In 1983 Dennis Hopper went to Rice University in Houston, Texas ostensibly to screen his latest film Out Of The Blue. But little known to anyone, other than Hopper and a handful of his buddies, he had another agenda entirely. While he did indeed screen his movie, Hopper had actually come to Houston to blow himself up.
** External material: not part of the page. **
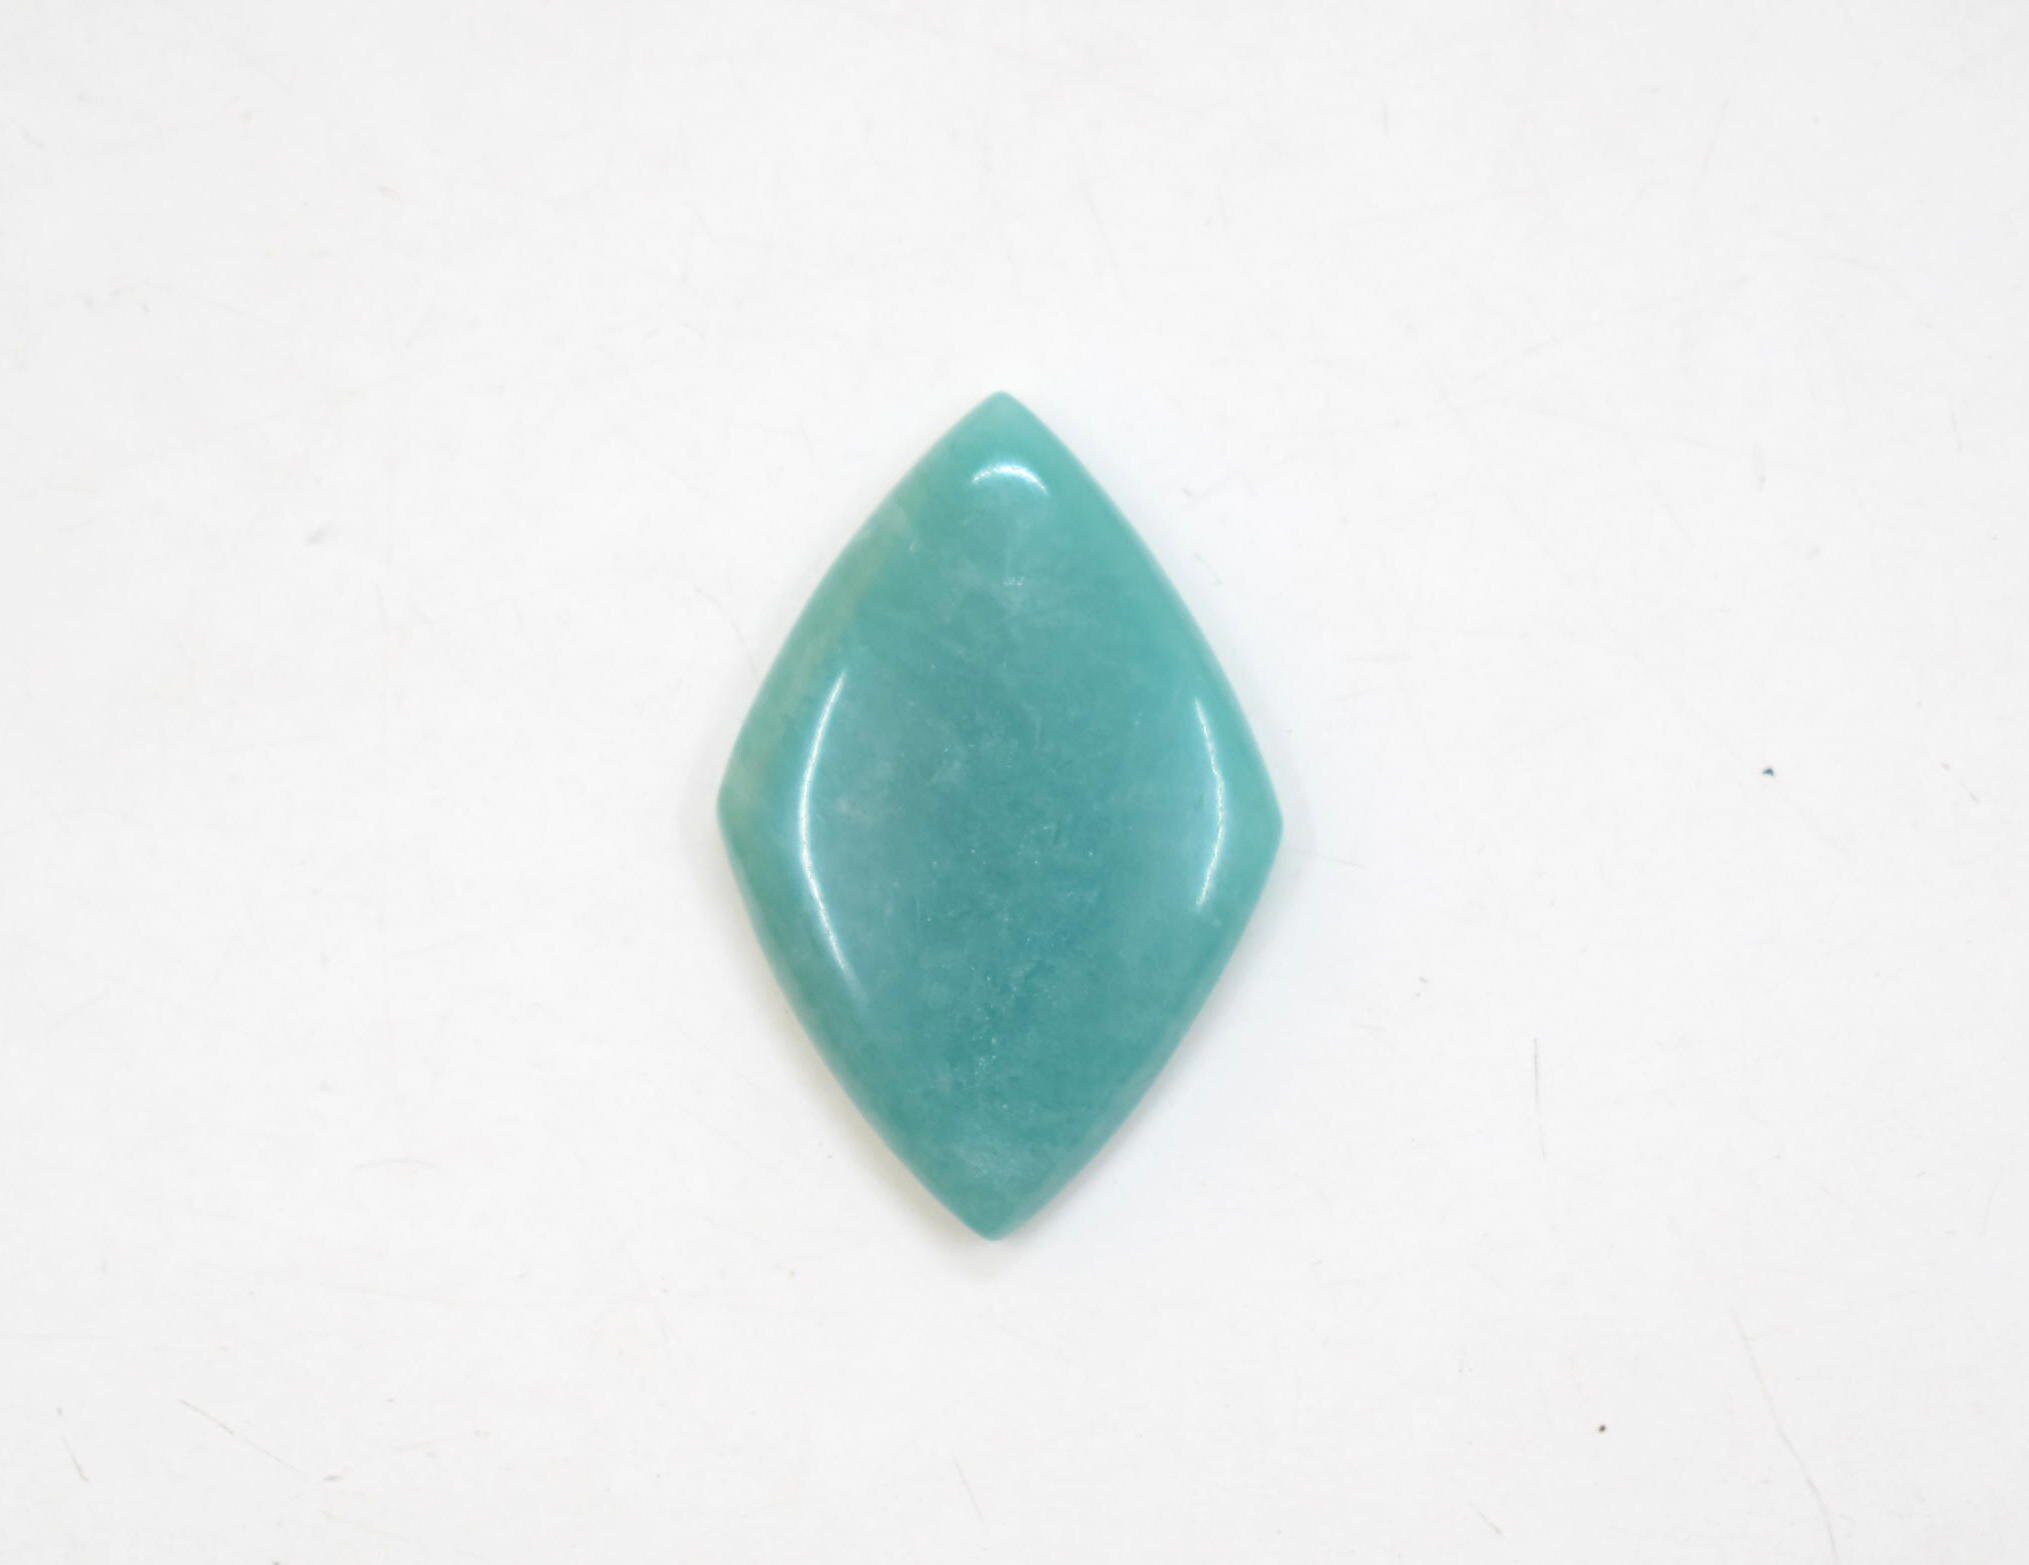 100% Natural African Amazonite Cabochon,Green Amazonite,Handmade Plain Cabochon,Handmade Faceted Cabochon,Natural Color Amazonite | Save 33% - Rajasthan Living 15

After screening Out Of The Blue, Hopper arranged to have the audience driven by a fleet of school buses to a racetrack on the outskirts of Houston, the Big H Speedway. Hopper and the buses arrived at the speedway just as the races were ending and a voice was announcing over the public address system “stick around folks and watch a famous Hollywood film personality perform the Russian Dynamite Death Chair Act. That’s right, folks, he’ll sit in a chair with six sticks of dynamite and light the fuse.”
Was famous Hollywood personality Dennis Hopper about to go out with a bang?
Hopper apparently learned this stunt when he was a kid after seeing it performed in a traveling roadshow. If you place the dynamite pointing outwards the explosion creates a vacuum in the middle and the person performing the stunt is, if all goes according to plan, unharmed.
After bullshitting for awhile with the crowd and his friends, a drunk and stoned Hopper climbed into the “death chair’ and lit the dynamite.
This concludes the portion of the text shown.